You are given \(N+1\) distinct positive integers \(A_1,A_2,......,A_{N+1}\) and a positive integer \(M\). A polynomial of degree \(N\) is defined as follows: 

\(f(x)= P_1x^N + P_2x^{N-1} + ……..+ P_Nx + P_{N+1} \)

such that following conditions hold true:

• \(f(A_i) = A_i^{N+1} \ \forall i\in [1,N+1]\)

• \(P_1 > 0\)

• \(P_1,P_2,.....,P_{N+1}\) are integers

A new polynomial is defined as

\(S(x) = X_1x^N + X_2x^{N-1} + ……..+ X_Nx + X_{N+1} \)

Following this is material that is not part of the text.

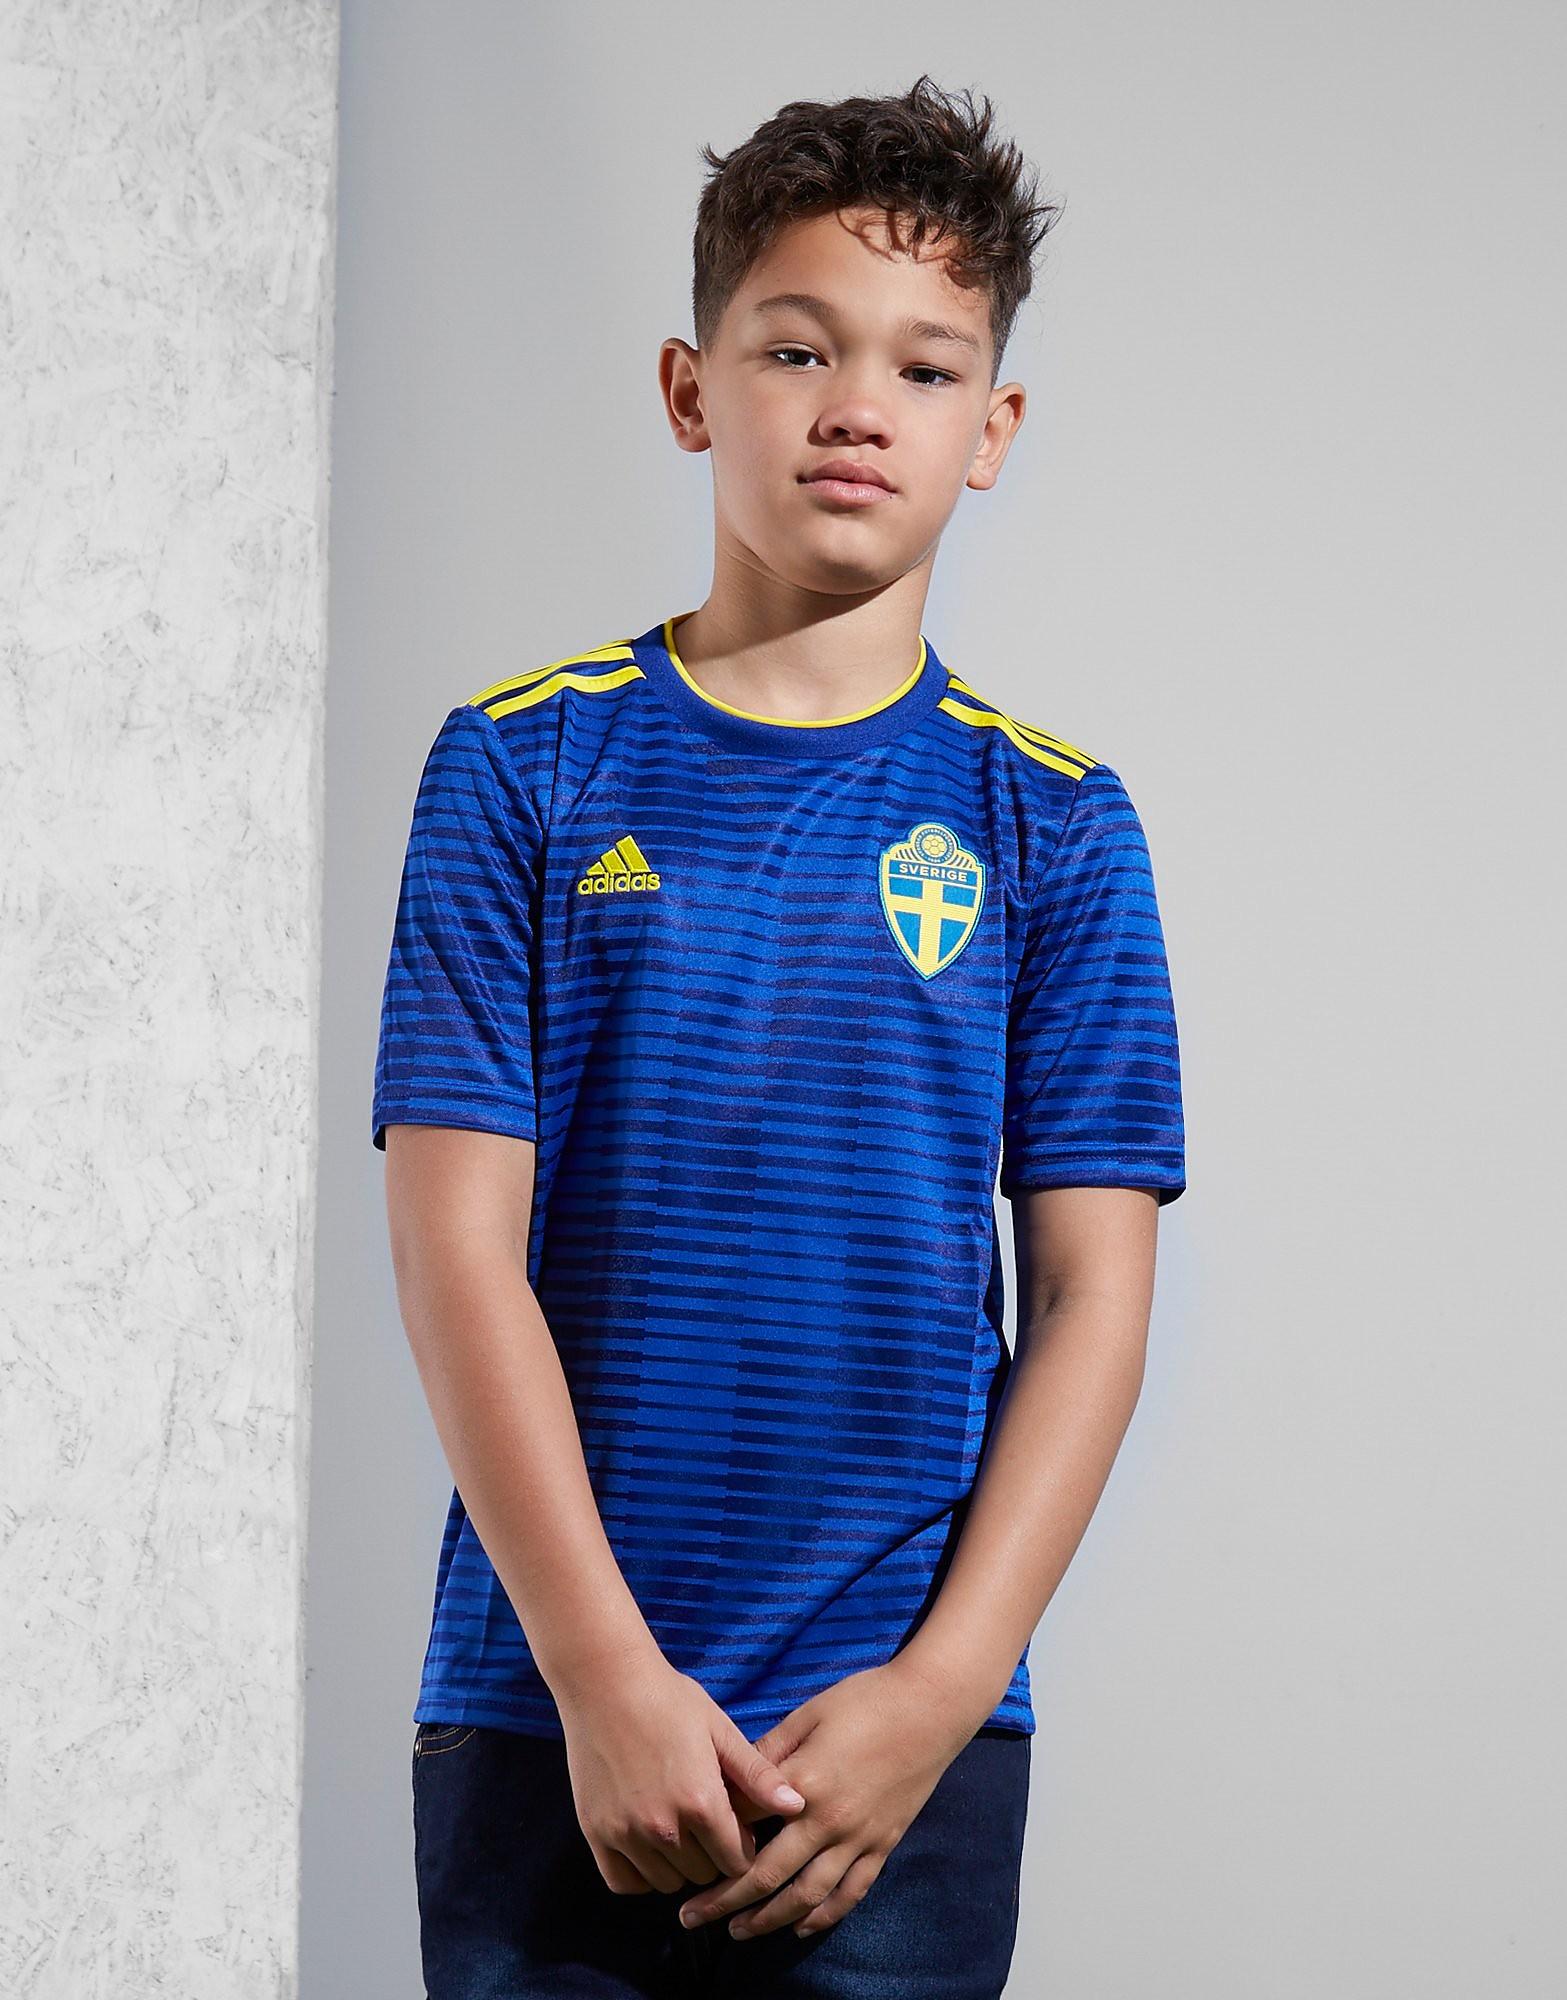 adidas Sverige 2018 Bortatröja Junior FÖRBESTÄLLNING

Such that \(X_i = |P_i|\%M \ \ \forall i\in [1,N+1]\) and \(X_1,X_2,.......,X_{N+1}\) are integers.

Evaluate \(S(0)\%M, S(1)\%M ,…….S(M-1)\%M\) .

Input format

• First line: Two space separated integers \(N\) and \(M\)
• Second line: \(N+1\) space separated integers \(A_1,A_2,......,A_{N+1}\)

Output format

• Output \(M\) space-separated integers \(S(0)\%M, S(1)\%M ,…….S(M-1)\%M\)

Constraints

\(1 \le N,M, A_i \le 10^5\)

\(M\) is prime

Subtasks

• For 20 Points: \(1 \le N,M, A_i \le 1000\)
• For 80 Points: Original constraints